- _Task description_
Nothing but the lines below between the line holding "素材乐-羽毛球活动海报" and the line holding "Calça Jeans Cintura Alta Modeladora", inclusive, should appear in the answer, each set down exactly.

(Stored data)
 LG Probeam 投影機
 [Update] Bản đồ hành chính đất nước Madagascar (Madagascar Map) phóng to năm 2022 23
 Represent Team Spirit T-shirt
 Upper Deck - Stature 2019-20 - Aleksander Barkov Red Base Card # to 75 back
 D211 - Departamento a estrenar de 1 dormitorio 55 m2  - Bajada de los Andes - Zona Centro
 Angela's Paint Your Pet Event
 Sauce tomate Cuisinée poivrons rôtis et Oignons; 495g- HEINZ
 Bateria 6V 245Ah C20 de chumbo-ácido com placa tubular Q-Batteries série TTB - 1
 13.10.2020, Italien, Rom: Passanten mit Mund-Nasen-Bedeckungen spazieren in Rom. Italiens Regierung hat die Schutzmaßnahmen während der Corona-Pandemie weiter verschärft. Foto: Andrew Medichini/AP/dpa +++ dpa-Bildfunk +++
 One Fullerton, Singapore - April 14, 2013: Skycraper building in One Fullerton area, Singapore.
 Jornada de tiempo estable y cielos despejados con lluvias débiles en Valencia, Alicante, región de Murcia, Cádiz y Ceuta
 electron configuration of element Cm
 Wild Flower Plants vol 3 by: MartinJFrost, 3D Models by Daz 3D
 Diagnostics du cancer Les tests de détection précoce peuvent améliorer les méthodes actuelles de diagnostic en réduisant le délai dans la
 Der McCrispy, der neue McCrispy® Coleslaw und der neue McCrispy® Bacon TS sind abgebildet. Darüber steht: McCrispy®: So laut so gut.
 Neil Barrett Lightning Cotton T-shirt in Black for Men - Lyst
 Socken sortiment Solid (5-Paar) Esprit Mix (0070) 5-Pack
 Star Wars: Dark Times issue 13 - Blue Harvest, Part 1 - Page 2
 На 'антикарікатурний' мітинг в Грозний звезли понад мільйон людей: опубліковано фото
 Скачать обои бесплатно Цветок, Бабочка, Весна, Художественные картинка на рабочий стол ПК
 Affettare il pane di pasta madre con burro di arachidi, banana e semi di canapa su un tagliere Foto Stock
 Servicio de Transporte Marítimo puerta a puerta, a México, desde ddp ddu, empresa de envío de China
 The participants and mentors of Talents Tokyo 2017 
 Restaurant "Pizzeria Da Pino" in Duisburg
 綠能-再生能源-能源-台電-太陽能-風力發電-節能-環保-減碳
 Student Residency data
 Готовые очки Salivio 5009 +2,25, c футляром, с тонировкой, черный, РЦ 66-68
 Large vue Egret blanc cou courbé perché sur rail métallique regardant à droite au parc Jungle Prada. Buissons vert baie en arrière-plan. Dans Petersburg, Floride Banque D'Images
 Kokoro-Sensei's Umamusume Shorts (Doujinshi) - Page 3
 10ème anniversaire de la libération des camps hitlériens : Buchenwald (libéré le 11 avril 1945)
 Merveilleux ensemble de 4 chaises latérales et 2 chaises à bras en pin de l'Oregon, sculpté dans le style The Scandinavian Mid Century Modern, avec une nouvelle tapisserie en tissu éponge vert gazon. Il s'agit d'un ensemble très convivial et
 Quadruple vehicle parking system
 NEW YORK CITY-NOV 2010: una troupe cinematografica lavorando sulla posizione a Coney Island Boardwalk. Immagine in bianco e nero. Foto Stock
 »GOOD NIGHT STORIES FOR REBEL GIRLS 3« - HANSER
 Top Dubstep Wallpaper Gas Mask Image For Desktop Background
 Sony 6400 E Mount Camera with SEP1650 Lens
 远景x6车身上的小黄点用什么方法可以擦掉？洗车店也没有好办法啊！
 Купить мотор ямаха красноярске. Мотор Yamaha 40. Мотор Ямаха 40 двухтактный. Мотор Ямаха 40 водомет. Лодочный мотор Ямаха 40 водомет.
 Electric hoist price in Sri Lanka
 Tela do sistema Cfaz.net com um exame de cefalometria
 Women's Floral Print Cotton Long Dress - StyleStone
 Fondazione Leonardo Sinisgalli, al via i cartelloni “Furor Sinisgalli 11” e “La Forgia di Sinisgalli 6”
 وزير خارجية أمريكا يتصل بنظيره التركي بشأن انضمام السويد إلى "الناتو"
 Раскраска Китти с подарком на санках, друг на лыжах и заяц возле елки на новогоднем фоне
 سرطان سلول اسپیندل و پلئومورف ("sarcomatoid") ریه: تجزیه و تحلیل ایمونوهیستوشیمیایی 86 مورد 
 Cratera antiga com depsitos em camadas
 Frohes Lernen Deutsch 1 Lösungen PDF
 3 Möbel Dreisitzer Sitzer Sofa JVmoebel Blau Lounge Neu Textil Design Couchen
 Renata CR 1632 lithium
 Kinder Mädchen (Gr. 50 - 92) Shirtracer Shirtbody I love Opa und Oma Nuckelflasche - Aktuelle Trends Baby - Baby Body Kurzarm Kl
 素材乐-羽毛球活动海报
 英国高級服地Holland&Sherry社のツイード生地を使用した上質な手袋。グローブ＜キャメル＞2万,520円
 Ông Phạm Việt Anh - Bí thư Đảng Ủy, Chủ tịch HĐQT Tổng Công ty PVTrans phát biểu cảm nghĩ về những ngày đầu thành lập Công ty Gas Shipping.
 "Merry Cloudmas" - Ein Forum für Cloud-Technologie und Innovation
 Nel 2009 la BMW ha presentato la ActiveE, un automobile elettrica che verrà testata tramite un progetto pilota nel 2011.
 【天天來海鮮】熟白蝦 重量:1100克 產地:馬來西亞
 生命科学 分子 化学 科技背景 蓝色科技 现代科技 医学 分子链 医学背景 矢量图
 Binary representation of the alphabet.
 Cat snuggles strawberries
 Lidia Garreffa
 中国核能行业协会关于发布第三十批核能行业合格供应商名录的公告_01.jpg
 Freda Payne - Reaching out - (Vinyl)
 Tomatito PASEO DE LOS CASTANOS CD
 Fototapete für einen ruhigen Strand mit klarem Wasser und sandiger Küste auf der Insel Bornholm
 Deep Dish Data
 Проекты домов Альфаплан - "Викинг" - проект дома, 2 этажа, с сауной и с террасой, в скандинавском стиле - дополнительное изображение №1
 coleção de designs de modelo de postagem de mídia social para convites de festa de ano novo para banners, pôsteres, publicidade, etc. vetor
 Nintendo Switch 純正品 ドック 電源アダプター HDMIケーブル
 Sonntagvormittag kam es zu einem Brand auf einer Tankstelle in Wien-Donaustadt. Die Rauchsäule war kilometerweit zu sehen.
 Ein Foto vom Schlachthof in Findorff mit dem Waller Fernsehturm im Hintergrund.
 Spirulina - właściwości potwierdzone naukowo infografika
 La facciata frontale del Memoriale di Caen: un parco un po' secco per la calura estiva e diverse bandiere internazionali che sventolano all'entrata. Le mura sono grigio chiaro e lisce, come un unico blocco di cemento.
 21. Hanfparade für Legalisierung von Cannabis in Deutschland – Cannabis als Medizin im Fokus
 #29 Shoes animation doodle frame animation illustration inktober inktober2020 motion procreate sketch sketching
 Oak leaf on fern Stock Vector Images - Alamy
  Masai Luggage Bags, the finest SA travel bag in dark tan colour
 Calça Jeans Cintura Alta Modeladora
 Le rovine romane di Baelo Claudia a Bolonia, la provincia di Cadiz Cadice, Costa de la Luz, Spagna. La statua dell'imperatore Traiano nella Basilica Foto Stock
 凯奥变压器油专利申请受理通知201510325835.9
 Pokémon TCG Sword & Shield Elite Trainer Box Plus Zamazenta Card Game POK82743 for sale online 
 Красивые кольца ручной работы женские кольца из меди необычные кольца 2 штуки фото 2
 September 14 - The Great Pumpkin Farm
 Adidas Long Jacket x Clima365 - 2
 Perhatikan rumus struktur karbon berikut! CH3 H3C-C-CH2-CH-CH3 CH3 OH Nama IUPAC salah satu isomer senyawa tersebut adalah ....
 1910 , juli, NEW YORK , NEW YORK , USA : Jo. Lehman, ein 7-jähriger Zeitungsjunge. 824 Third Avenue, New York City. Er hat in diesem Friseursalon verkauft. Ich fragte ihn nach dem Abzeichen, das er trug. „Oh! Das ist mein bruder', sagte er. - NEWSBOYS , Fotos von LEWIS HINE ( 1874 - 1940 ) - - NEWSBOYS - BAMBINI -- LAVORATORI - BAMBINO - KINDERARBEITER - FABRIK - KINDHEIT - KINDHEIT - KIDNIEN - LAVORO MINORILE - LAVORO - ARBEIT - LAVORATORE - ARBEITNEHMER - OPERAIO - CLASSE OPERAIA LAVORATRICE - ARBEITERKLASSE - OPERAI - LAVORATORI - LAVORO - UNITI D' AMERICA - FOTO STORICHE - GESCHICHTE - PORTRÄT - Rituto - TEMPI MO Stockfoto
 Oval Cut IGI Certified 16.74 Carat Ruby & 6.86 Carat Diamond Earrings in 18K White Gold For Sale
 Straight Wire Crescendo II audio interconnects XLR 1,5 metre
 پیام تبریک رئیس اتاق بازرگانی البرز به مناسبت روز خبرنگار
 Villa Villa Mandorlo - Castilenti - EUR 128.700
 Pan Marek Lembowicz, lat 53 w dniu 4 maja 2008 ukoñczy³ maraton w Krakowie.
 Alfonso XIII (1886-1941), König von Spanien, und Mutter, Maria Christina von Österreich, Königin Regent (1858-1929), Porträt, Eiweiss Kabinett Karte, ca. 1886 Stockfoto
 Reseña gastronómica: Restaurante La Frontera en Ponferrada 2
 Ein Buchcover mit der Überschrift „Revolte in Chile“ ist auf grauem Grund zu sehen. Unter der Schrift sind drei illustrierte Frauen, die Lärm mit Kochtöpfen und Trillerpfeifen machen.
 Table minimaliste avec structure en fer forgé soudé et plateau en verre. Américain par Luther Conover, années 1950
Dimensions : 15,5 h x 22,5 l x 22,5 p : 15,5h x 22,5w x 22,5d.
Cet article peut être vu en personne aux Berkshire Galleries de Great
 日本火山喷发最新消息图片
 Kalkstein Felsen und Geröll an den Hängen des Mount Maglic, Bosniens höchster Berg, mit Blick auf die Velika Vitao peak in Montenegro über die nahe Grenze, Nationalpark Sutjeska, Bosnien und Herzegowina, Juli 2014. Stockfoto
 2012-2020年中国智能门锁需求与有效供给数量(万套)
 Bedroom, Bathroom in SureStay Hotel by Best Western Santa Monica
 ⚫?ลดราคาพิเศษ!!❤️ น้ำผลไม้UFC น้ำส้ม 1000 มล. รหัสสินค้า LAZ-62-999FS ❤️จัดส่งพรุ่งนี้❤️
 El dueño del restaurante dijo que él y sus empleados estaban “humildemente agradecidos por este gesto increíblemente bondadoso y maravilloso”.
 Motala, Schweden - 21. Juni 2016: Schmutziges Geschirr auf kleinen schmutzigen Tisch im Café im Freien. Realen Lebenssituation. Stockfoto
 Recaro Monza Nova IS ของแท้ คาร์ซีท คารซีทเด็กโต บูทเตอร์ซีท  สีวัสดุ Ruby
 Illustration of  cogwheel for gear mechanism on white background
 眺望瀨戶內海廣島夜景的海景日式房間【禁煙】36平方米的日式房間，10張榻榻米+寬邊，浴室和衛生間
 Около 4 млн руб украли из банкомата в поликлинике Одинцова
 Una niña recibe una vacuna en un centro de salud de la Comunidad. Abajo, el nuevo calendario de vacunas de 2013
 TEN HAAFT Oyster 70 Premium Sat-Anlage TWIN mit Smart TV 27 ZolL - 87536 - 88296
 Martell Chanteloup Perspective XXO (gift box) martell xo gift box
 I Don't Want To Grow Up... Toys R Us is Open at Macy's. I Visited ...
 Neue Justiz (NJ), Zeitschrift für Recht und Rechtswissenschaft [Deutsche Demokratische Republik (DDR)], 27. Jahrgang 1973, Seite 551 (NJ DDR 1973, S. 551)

- _Response to the task_
 素材乐-羽毛球活动海报
 英国高級服地Holland&Sherry社のツイード生地を使用した上質な手袋。グローブ＜キャメル＞2万,520円
 Ông Phạm Việt Anh - Bí thư Đảng Ủy, Chủ tịch HĐQT Tổng Công ty PVTrans phát biểu cảm nghĩ về những ngày đầu thành lập Công ty Gas Shipping.
 "Merry Cloudmas" - Ein Forum für Cloud-Technologie und Innovation
 Nel 2009 la BMW ha presentato la ActiveE, un automobile elettrica che verrà testata tramite un progetto pilota nel 2011.
 【天天來海鮮】熟白蝦 重量:1100克 產地:馬來西亞
 生命科学 分子 化学 科技背景 蓝色科技 现代科技 医学 分子链 医学背景 矢量图
 Binary representation of the alphabet.
 Cat snuggles strawberries
 Lidia Garreffa
 中国核能行业协会关于发布第三十批核能行业合格供应商名录的公告_01.jpg
 Freda Payne - Reaching out - (Vinyl)
 Tomatito PASEO DE LOS CASTANOS CD
 Fototapete für einen ruhigen Strand mit klarem Wasser und sandiger Küste auf der Insel Bornholm
 Deep Dish Data
 Проекты домов Альфаплан - "Викинг" - проект дома, 2 этажа, с сауной и с террасой, в скандинавском стиле - дополнительное изображение №1
 coleção de designs de modelo de postagem de mídia social para convites de festa de ano novo para banners, pôsteres, publicidade, etc. vetor
 Nintendo Switch 純正品 ドック 電源アダプター HDMIケーブル
 Sonntagvormittag kam es zu einem Brand auf einer Tankstelle in Wien-Donaustadt. Die Rauchsäule war kilometerweit zu sehen.
 Ein Foto vom Schlachthof in Findorff mit dem Waller Fernsehturm im Hintergrund.
 Spirulina - właściwości potwierdzone naukowo infografika
 La facciata frontale del Memoriale di Caen: un parco un po' secco per la calura estiva e diverse bandiere internazionali che sventolano all'entrata. Le mura sono grigio chiaro e lisce, come un unico blocco di cemento.
 21. Hanfparade für Legalisierung von Cannabis in Deutschland – Cannabis als Medizin im Fokus
 #29 Shoes animation doodle frame animation illustration inktober inktober2020 motion procreate sketch sketching
 Oak leaf on fern Stock Vector Images - Alamy
  Masai Luggage Bags, the finest SA travel bag in dark tan colour
 Calça Jeans Cintura Alta Modeladora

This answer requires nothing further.